Da indignação e da vergonha


Por cada crime contra a humanidade, a comunidade internacional anuncia que estas coisas não podem voltar a acontecer. Mas elas repetem-se


A comunidade internacional, a ONU, a União Europeia e as principais organizações não governamentais reagem expressando regularmente a sua preocupação. Uma espécie de mantra que nos conduz a mente criando-nos a sensação, ainda que neste caso propositadamente falsa, de que o compromisso e envolvimento internacional está de facto no horizonte e na agenda.

É quase sempre assim. Por cada crime contra a humanidade, por cada desrespeito pelos mais básicos direitos do homem, por cada violação dos pilares fundacionais das nações livres, a comunidade internacional anuncia que estas coisas não podem voltar a acontecer. Mas o que é facto é voltam sempre a acontecer numa escalada de violência cada vez maior.

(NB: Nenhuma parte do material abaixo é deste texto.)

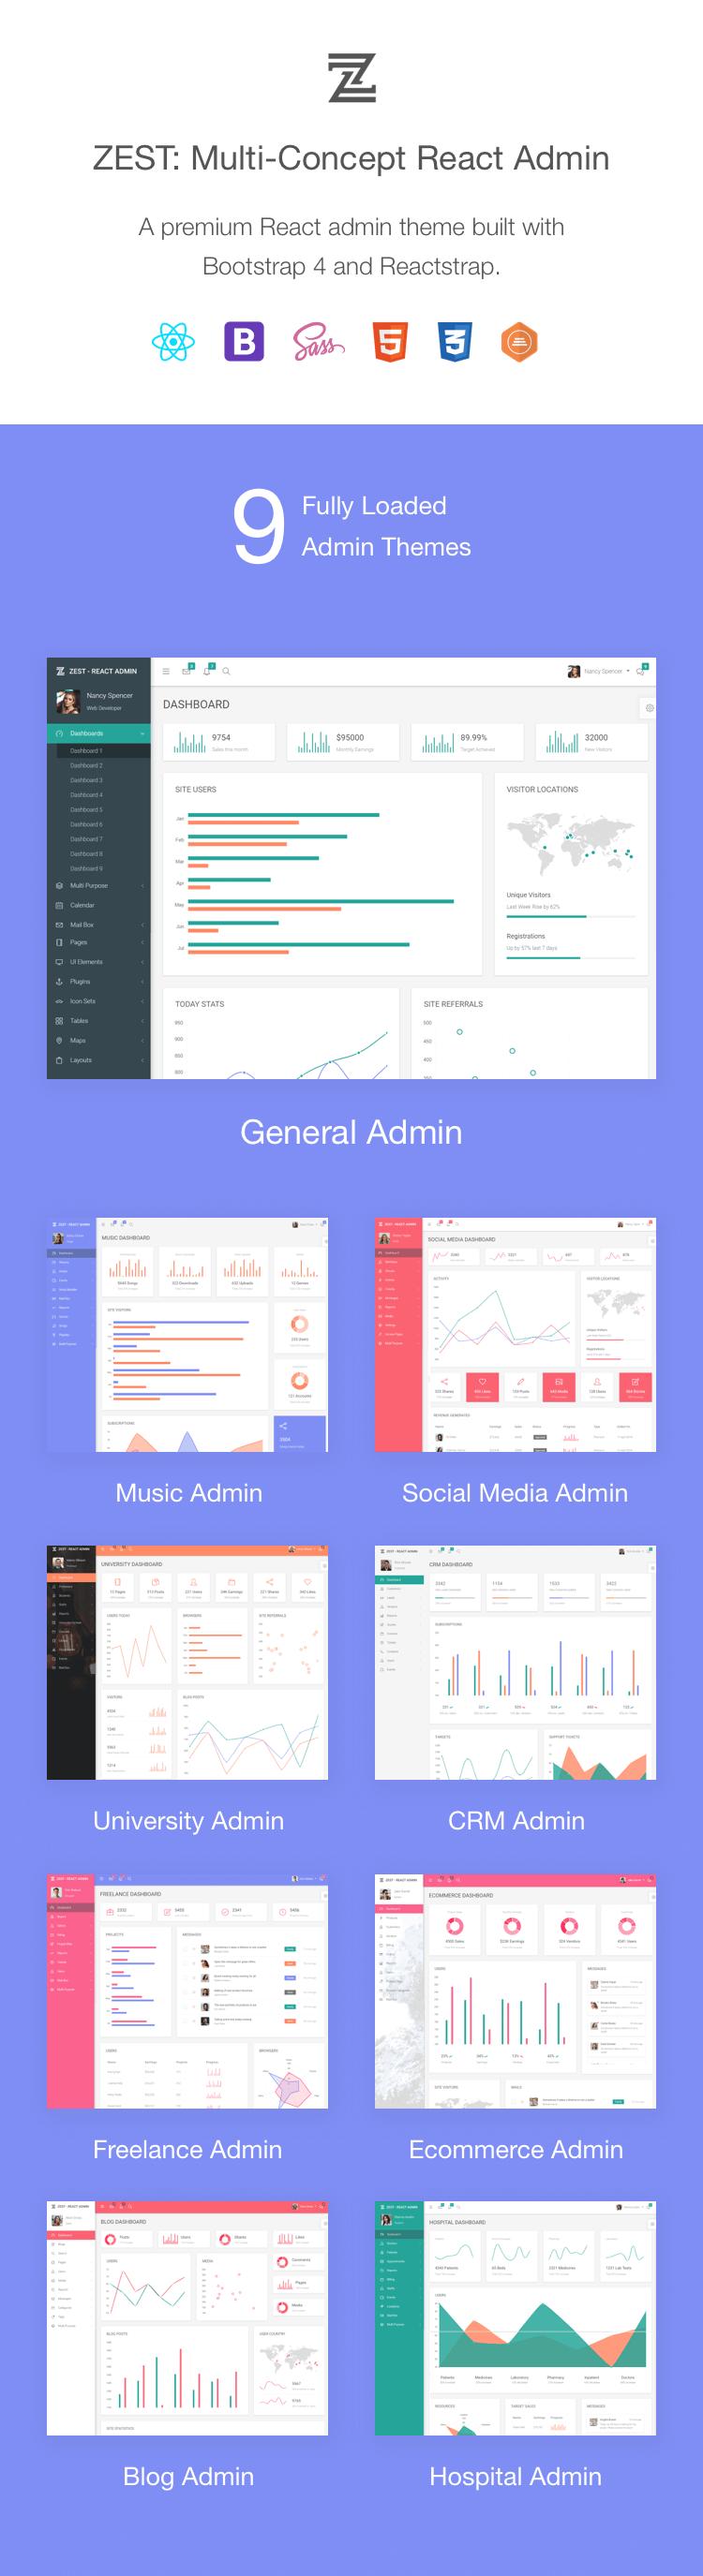 Zest: Multi-Concept React Admin Template - 1

Foi assim, a titulo de exemplo, com o massacre de Srebrenica na Bósnia com o assassinato de mais de oito mil bósnios muçulmanos, foi assim no desastre no Ruanda e volta a ser assim na maior manifestação de desumanidade que temos assistido na Síria nestes já longos seis anos de guerra civil.

A ascensão de al-Assad ao poder transformou aquele território num palco infernal de violações permanentes contra todos os valores que fazem de nós Homens livres. As perseguições a ativistas políticos e de direitos humanos, a homens de leis, a jornalistas ou a bloggers assim como a morte de mais de onze mil prisioneiros políticos naquele regime, e que se tornaram conhecidas pelas fotos de “Caeser”, o polícia que as divulgou, são parte da confirmação desta nova espécie de tirania moderna que a titulo de um desígnio internacional de combate ao terrorismo e de um promíscuo relacionamento económico com o mundo livre ganham a aceitação, ou no limite a indiferença, das elites da comunidade internacional.

É evidente que o combate ao terrorismo é crucial. E deve ser feito numa lógica global e integrada – que não acontece completamente – face ao risco global que representa. Mas podem as Nações livres e democráticas combater o terrorismo branqueando as ações de outro terrorista? Não podem.

Esta encenação de libertação dos civis de Alepo no passado dia 16 não passou disso mesmo. De uma encenação. Bastaram 24 horas para que os relatos de bombardeamentos e explosões perto do circuito da caravana de cerca de trinta viaturas se fizessem ouvir.

O populismo de Assad, e dos seus apoiantes internacionais, as suas repugnantes ações não podem, com o pretexto de um falso combate ao terrorismo, servir de pretexto para validar a barbárie contra todos aqueles que veem com outros olhos o regime deste oftalmologista de profissão.

A inação da elite mundial perante a situação de Aleppo ou até mesmo a sua eventual reconquista não pode sob nenhuma perspetiva representar, como se tem descrito, um ponto de viragem. Ela apenas abrirá uma nova etapa na matança levada a cabo pelo regime de Assad e das suas milícias estrangeiras.

O populismo não pode ser combatido com concessões, mas unicamente com os valores sociais conquistados e com duras penas para quem transgride sem perdão os valores que sustentam a tal comunidade internacional.

Lembremo-nos das várias imagens a que temos assistido da desumanização do conflito. Da destruição e da morte de uma população que desespera por um fim. Recordemos a imagem do menino Omran Daqneesh. Aquele menino resgatado dos escombros que de cara ensanguentada sentado numa ambulância se mantinha de olhar fixo em silêncio enquanto, com a sua pequena mão, limpava o sangue que lhe escorria pelo rosto.

Ninguém são e com o mínimo espirito de humanidade revisita estas imagens sem um profundo aperto no peito. Na verdade, são apenas homens, mulheres e crianças. Tal como nós ou os nossos filhos. O que se passa em Aleppo é insuportável de se olhar.

Mas essa é a questão. Omran, de olhar fixo e sangue no rosto, olha-nos bem nos olhos pedindo-nos a sua salvação. Pede-nos que olhemos para ele. Nós, distantes e protegidos, não fizemos nada para ajudar. O mínimo que deveríamos fazer é voltar a olhar. Olhar vezes sem conta até nos insurgirmos definitivamente contra a inação do mundo perante aquele massacre.